What makes the difference, once again, is human intent. An expert doesn't say "write me a text." They impose a constraint. They force a viewpoint. They deliberately seek the objection. They request opposing hypotheses. They push AI off the beaten path. And that gesture… isn't a prompt. It's a skill.

The Real Question: Why Some Deployments Create Value… and Others Industrialize Chaos

  • If you look closely, all these elements tell the same story:
  • I creates value when inserted into a healthy system.
  • AI creates risk when it masks a sick system.
  • AI creates performance when it augments expertise.
  • AI creates noise when it replaces accountability.

This isn't a tool question. It's an organizational one.

And that's where the mindset shifts: integrating AI isn't "deploying a solution." It's making the organization capable of using it without fighting the wrong battle.

A Simple Sequence: Understand, Repair, Augment

In my work as a team coach (and more broadly, organizational coach), I've identified a sequence that consistently avoids missteps.

  1. Understand (Diagnosis)
    Before AI: understand what's truly broken.
    Is it a skills issue? Workload? Coordination? Prioritization? Decision quality? Workflow? Dependencies? Blurry responsibilities? Conflicting goals?
    If the process is absurd, AI will execute the absurdity faster.
    If the decision is fuzzy, AI will produce clean text on fuzziness.
    If knowledge is scattered, AI will give coherent answers from an unstable context.
    That's why I often talk about "organizational debt" before technical debt. As long as this debt is invisible, AI becomes makeup.

  2. Repair (Human Work)
    Next comes management and coaching time. Restore standards. Clarify "quality" definitions. Reduce gray areas. Install review routines. Recreate communication. Realign goals. Share meaning. Circulate information. Sanitize the service.
    You don't digitize chaos. And this moment is counterintuitive for many leaders: it feels "slow" because it doesn't look like a project. But that's where ROI conditions are built. Without this foundation, AI is a race… in the wrong direction.

  3. Augment (Leverage)
    Once the foundation is solid, AI becomes relevant, almost obvious. Use it to remove repetitive tasks, speed up preparation, structure information, explore options, improve writing, reduce frictions.

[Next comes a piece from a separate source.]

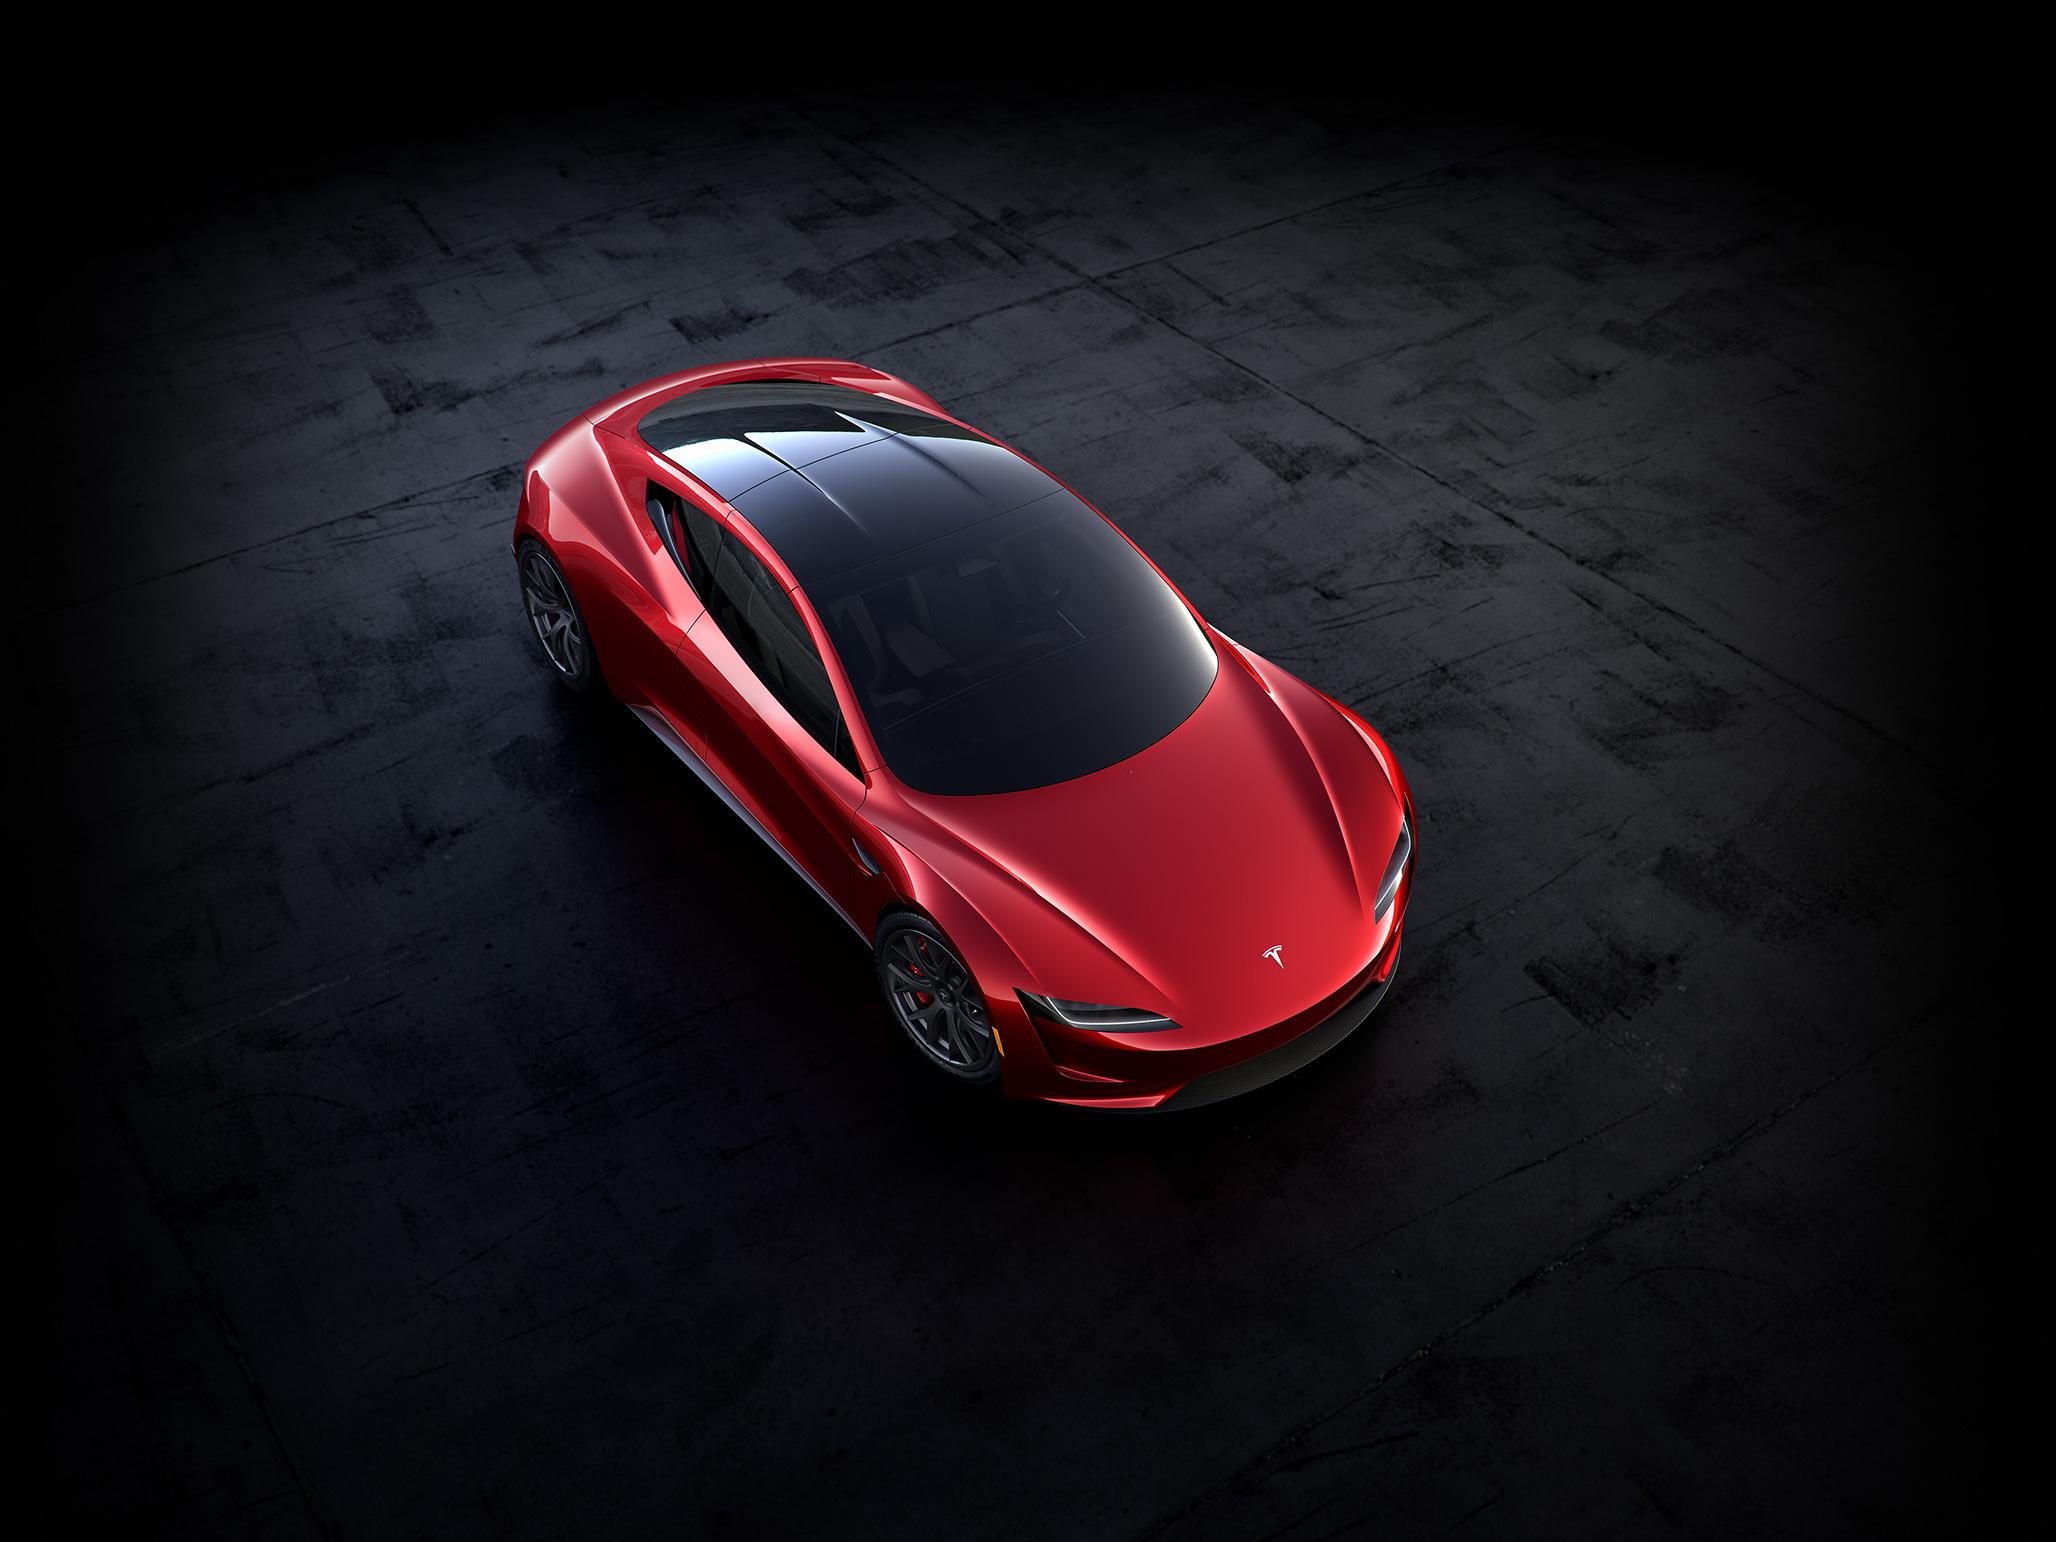 2017 Tesla Roadster Top WORLD LXRY

And above all: equip the champions. Not to create an elite. But to create a ripple effect. Top performers are often those who ask the right questions, test hypotheses, verify quality, spot errors, explore the unexpected. When you augment them, they produce standards, patterns, examples. They turn AI into collective knowledge. They pull the organization upward.

Only then do you scale. By making best practices visible. Installing routines. Creating a healthy doubt culture. Building collective usage — rather than a sum of individual ones.

What AI Multiplies… Is You

AI isn't a rescue tool for failing organizations. It's a strength multiplier.

  • Multiply zero by AI, you still get zero.
  • Multiply a confused organization by AI, you get faster confusion.
  • Multiply excellence and competence by AI, you get a lead.

And that's the essential, I believe, for a manager or CEO: You don't just need technology. You need an organization capable of exploiting it. What's most lacking isn't a tool. It's the ability to diagnose reality, sanitize routines, clarify responsibilities, install verification, protect learning, turn AI into value. That's exactly coaching territory: not "accompanying on the side," but helping the organization become capable of learning and reconfiguring itself. AI won't ask if your processes are ready. It will advance. The question is simple: what will it amplify in you?